La Folle Journée 1995
MOZART
“I look for notes that love each other” Wolfgang Amadeus Mozart
For this first edition of the La Folle Journée, the whole of the Cité des Congrès in Nantes transformed itself into Vienna for two days to celebrate the eternal youth of Mozart. This composer, one of the most influential in the history of western music, inspired the concept of this festival and also its name, La Folle Journée, which comes from his famous The Marriage of Figaro.
Mozart was born in Salzburg in January 1756. This great composer of classical music embraced all the musical genres of his era. He was a virtuoso harpsichord and violin player and was successful from an early age. His father, who was an important figure throughout his life, helped him enormously in the development of his outstanding career. He taught him music from a very early age and organised his first public concert.

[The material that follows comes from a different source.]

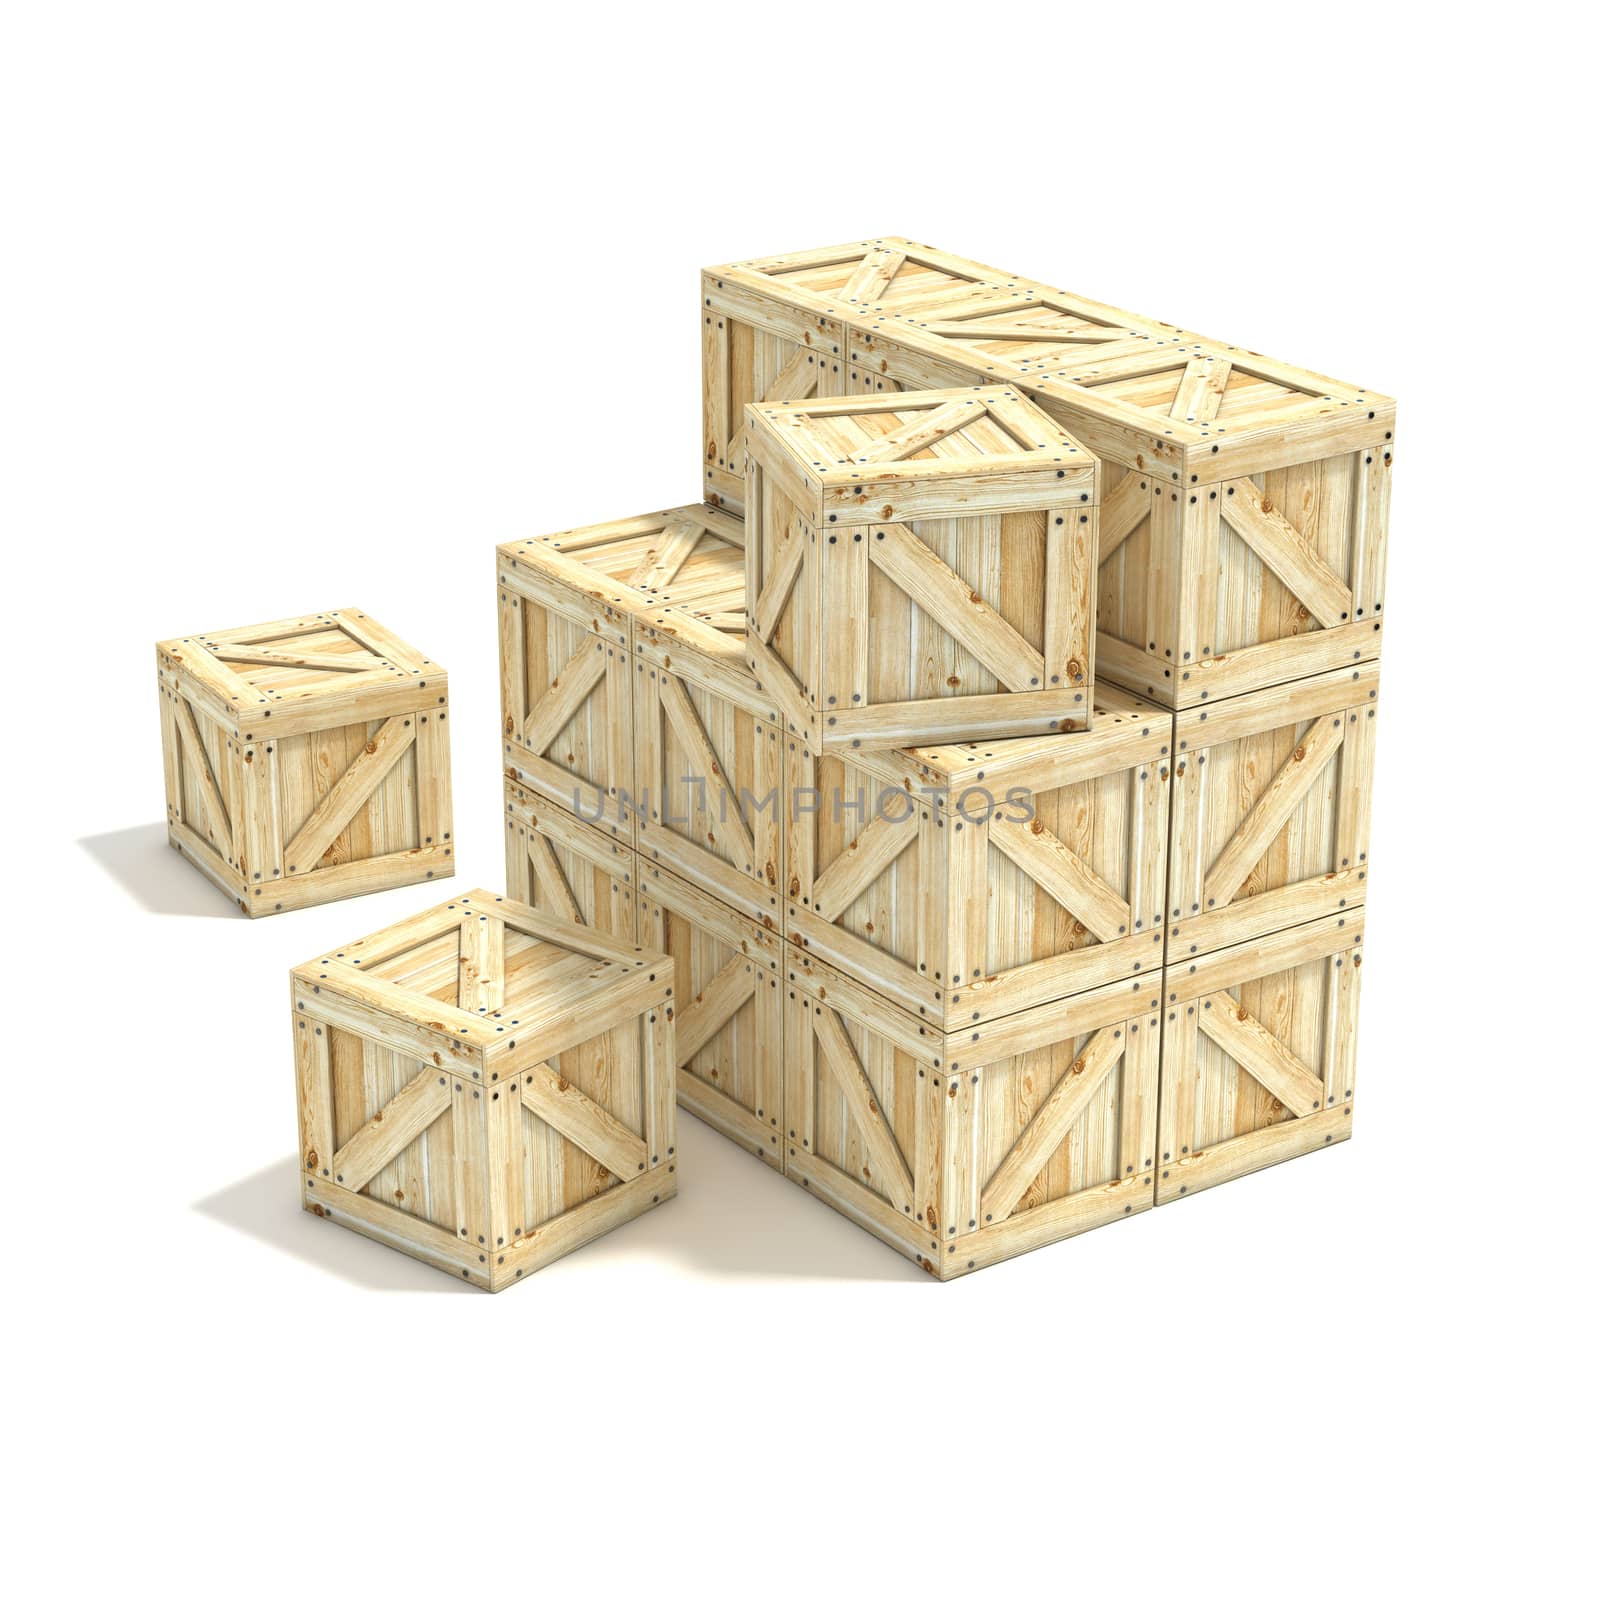 Wooden boxes. 3D render illustration isolated on a white background

The prodigy performed in numerous European cities and was very soon solicited by the nobility: in Vienna, it was Empress Maria Theresa, in Versailles by the royal family and court and in London by George III.
Mozart composed more than 600 works over 35 years. They bear testimony to his genius, mastery and innovative approach. He handled the concerto, symphony and sonata forms to perfection, and transforming them into the mainstays of classical music. He was also one of the greatest masters of opera.